Listing 6.7. Asynchronous before and after
beforeAsync = (decoration) ->
(base) ->
(params..., callback) ->
result = undefined
applyBase = =>
result = base.apply @, (params.concat callback)
decoration.apply @, (params.concat applyBase)
result
afterAsync = (decoration) ->
(base) ->
(params..., callback) ->
decorated = (params...) =>
decoration.apply @, (params.concat -> (callback.apply @, params))
base.apply @, (params.concat decorated)
There are other ways to deal with resources that are accessed asynchronously, such as treating them as streams of data, as you’ll learn about in chapter 9.
Continuations
This concept of passing in the rest of your program as a callback is similar to something called continuation-passing style. One of the criticisms of CoffeeScript in its current state is that callbacks all have to be nested. The asynchronous composition techniques presented here and the techniques shown in chapter 9 go a long way to helping solve that problem. Further, in chapter 13 you’ll see how JavaScript, and hence CoffeeScript, is evolving to have better language techniques for dealing with asynchronous code.

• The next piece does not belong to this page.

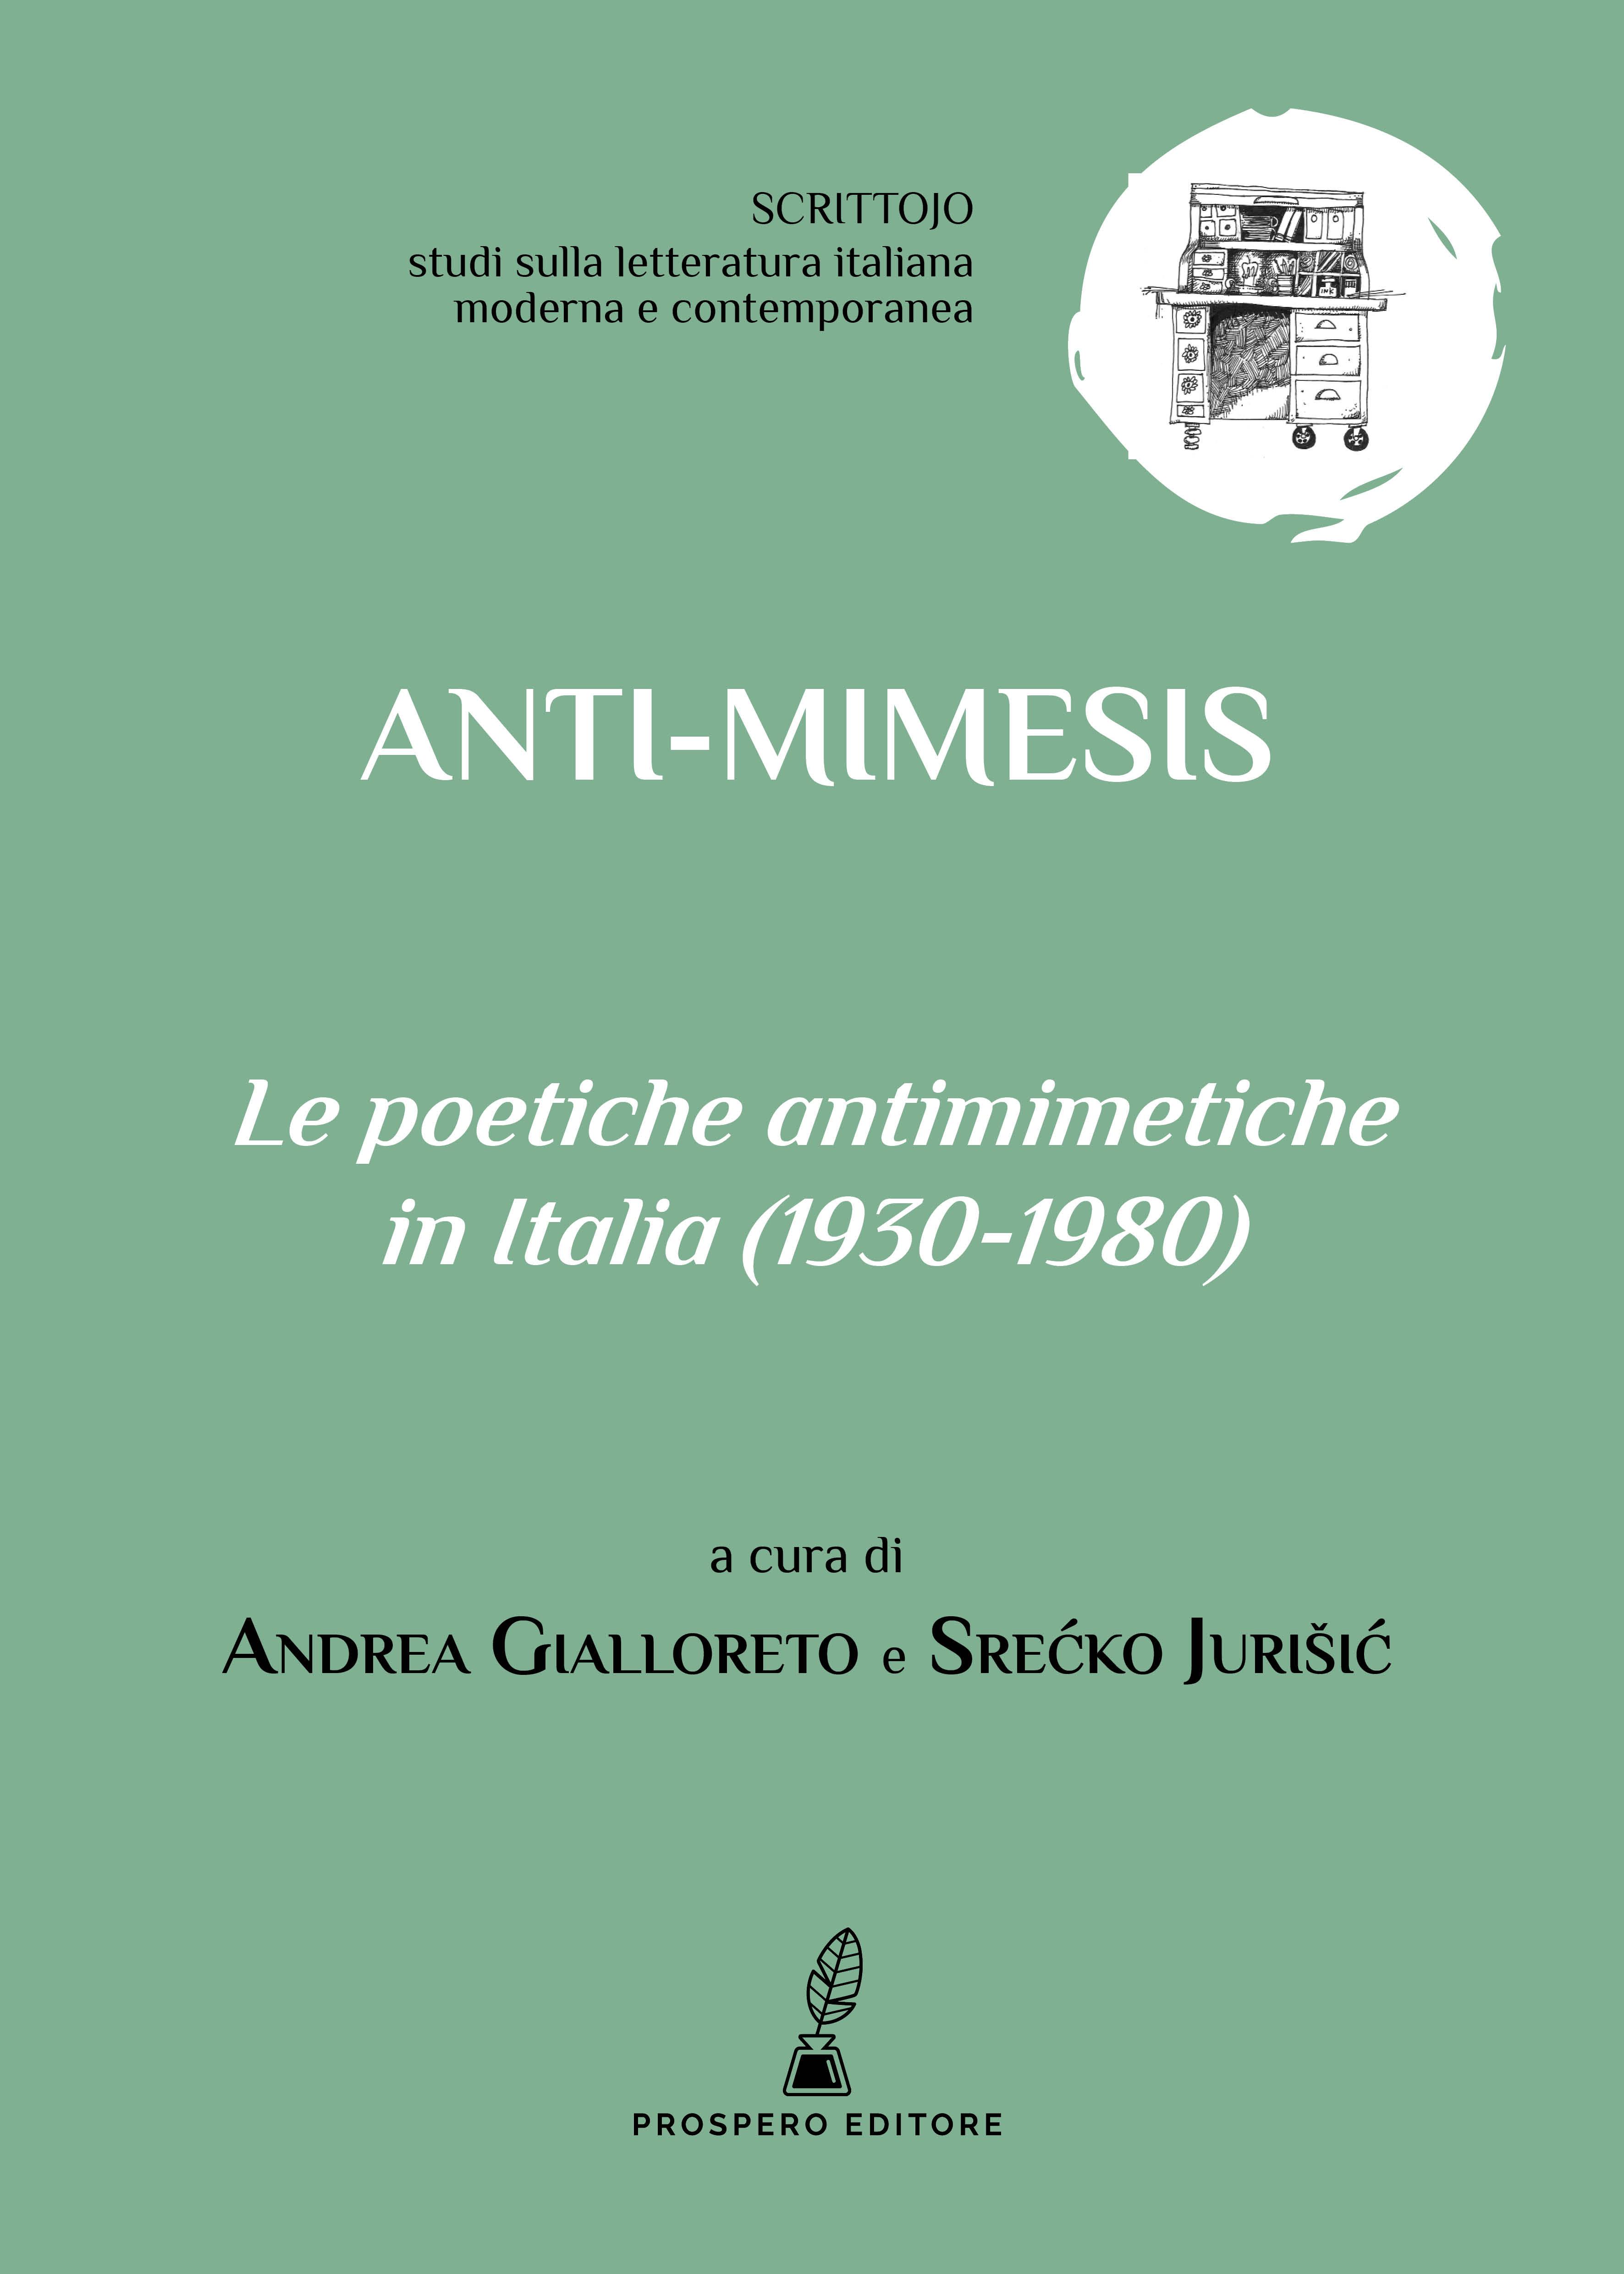 Anti-mimesis-image

Later on, over coffee (robots drink coffee too), Agtron tells you what his philosophy professor once told him, “Our understanding of the world often gets tangled up until eventually it becomes one big knot. Philosophy is about teasing out those knots and untangling things so that you have simple explanations of things.” The same thing applies to the world of a program. Sometimes things get tangled up. If you pull harder on the knot, you make it worse. If you do surgery on the knot by cutting it, you can break the entire universe. The point is to instead tease out the tangles and make your program less intertwined. The techniques you’ve seen can help you to tease out some of the knots in your program.
6.5. Summary
Function composition is built on just a few basic techniques for gluing functions together. But the simplicity and flexibility of this approach allow you to construct your own programming abstractions. By naming a function, you’re growing the programming language yourself. By creating abstractions, you make it easier to construct similar parts of a language without having to write the same program over and over again. You’ve learned the techniques: keeping programs clear by naming functions, avoiding state, creating abstractions, creating abstractions of abstractions, and then also using these techniques to deal with callback functions in asynchronous programs.
In the next chapter you’ll look at programming style in CoffeeScript, advanced syntax, and some gotchas.